We can also analyze queries that are being executed from Business Intelligence (BI) tools thanks to the Snowflake Query Profile functionality.
10. Observe the data type guidelines
Data types are crucial to take into account while replicating data because they vary greatly from one system to another. One incorrect data type might halt the entire data replication process and result in problems using the data downstream, such as the inability to utilize mathematical functions on text data types.
Pay attention to default encoding conventions; stay away from embedding characters in integer or float data types; and, if necessary, provide default precision scales. Observe the timestamp and date standards used worldwide.
When developing your data replication pipeline, whenever it is practical, promote subtypes into a parent type for typecasting in the data warehouse. Additionally, be sure to coordinate with analytics stakeholders to guarantee proper typecasting.
11. Plan for disaster recovery
Have a backup plan in place to restore your data in the event of a data replication issue, such as when integrating updated data into existing datasets, so that activities can continue as usual while the data replication process is being fixed.
The features that permit reversing data when this happens are often present in cloud data warehouses and data lake houses. For instance, Time Travel is a feature in Snowflake which allows your team’s time to roll back to the last known steady state of your data before sending your changes into production because each of these solutions has its own window for how long snapshots of data will be maintained in these systems.
If a user needs to access data that is older than the time-travel window, Snowflake has a failsafe data recovery process in place. The process starts with Snowflake’s Data Recovery Service, which allows users to recover data that has been deleted or lost due to human error, system failure, or other unforeseen circumstances.
The service is available for all Snowflake accounts and can be accessed through the Snowflake web interface or via the Snowflake API. When a user initiates a data recovery request, Snowflake begins by taking a snapshot of the entire account, including all databases, schemas, tables, and views. The snapshot is then stored in a secure, off-site location and can be used as a reference point for data recovery.

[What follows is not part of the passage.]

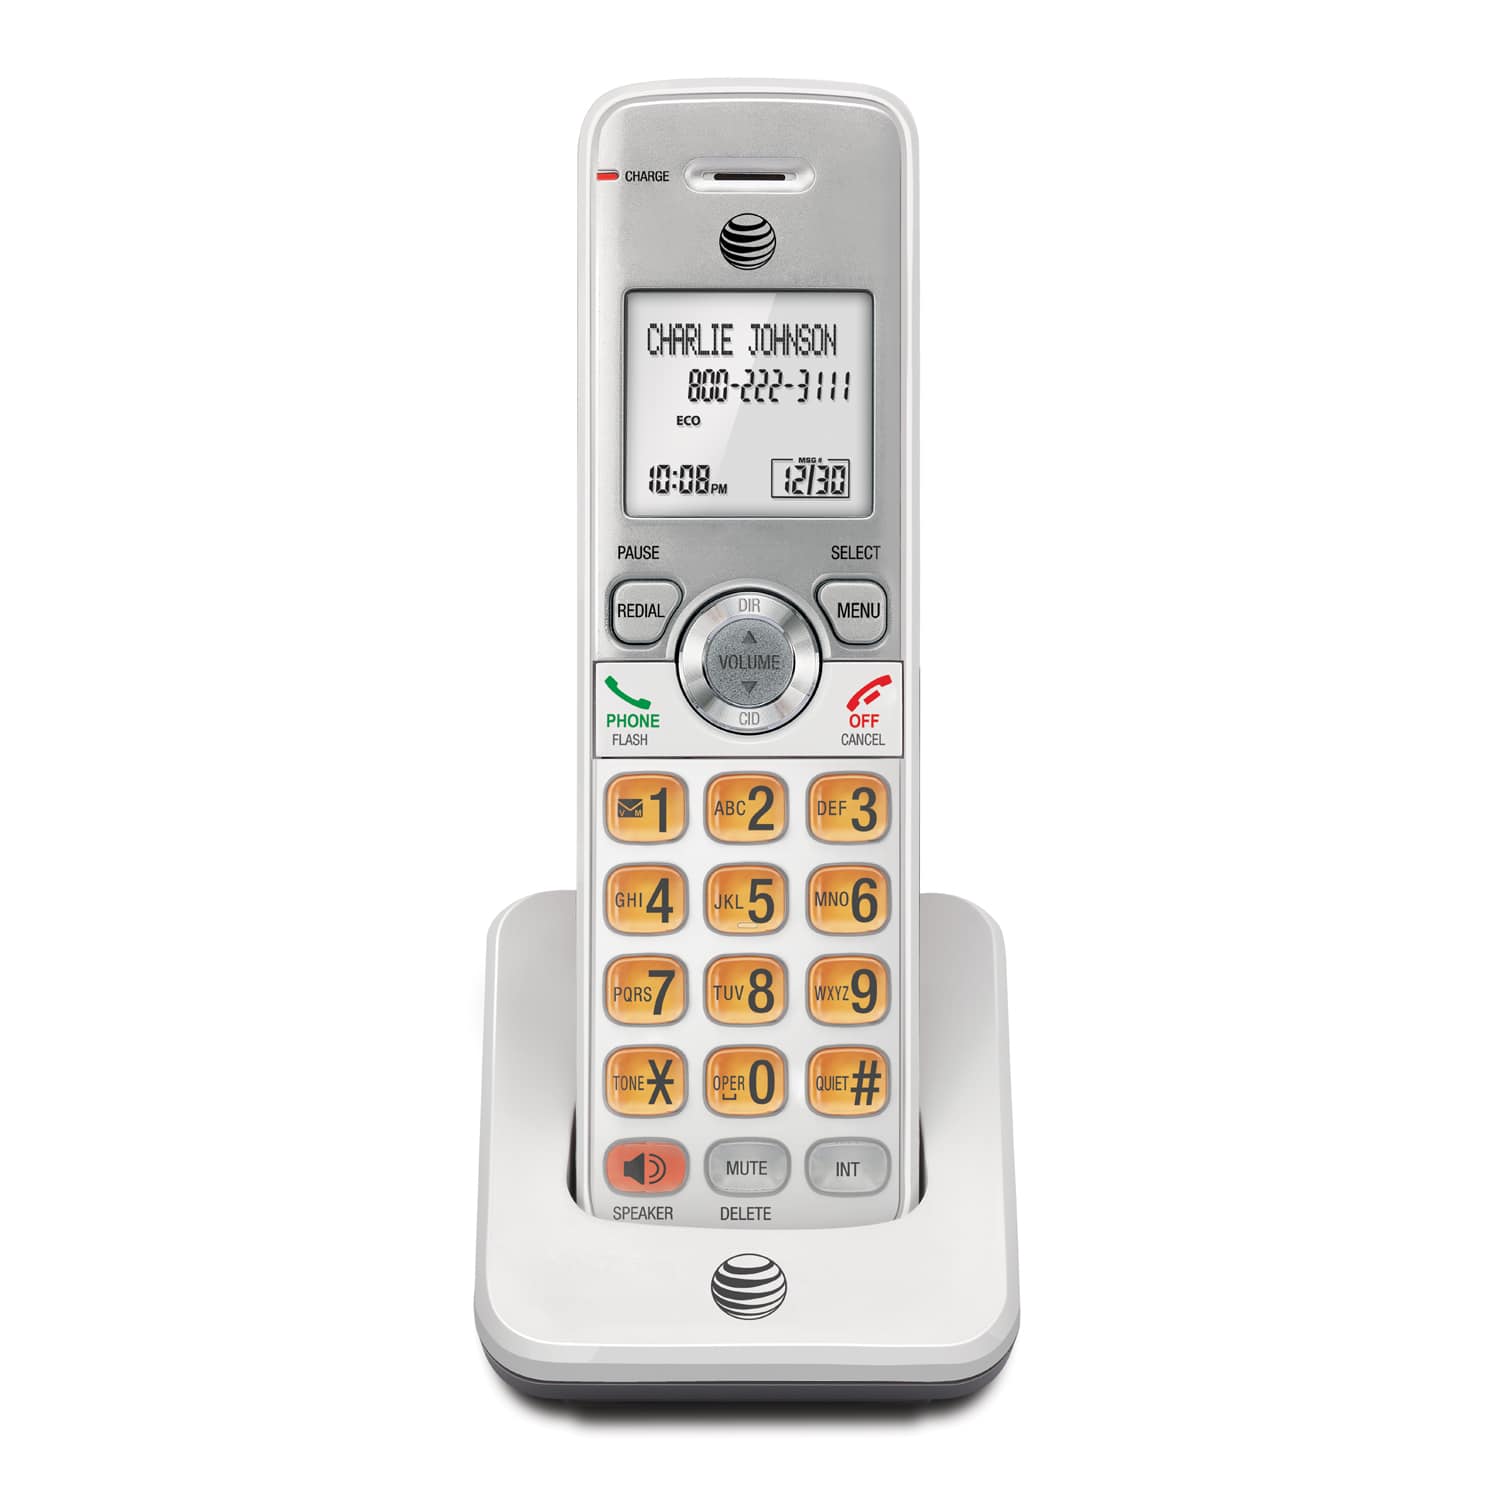 Accessory handset with Caller ID/call waiting - view 1

Once the snapshot has been taken, Snowflake’s recovery team begins the process of identifying and recovering the missing data. The team uses a combination of automated tools and manual techniques to locate and restore the data, ensuring that it is returned to the user in its original form.
The data recovery process typically takes between 3-7 days, depending on the amount of data that needs to be recovered and the complexity of the recovery. Snowflake’s recovery team works closely with the user to ensure that the data is returned as quickly as possible and that the recovery process is as seamless as possible.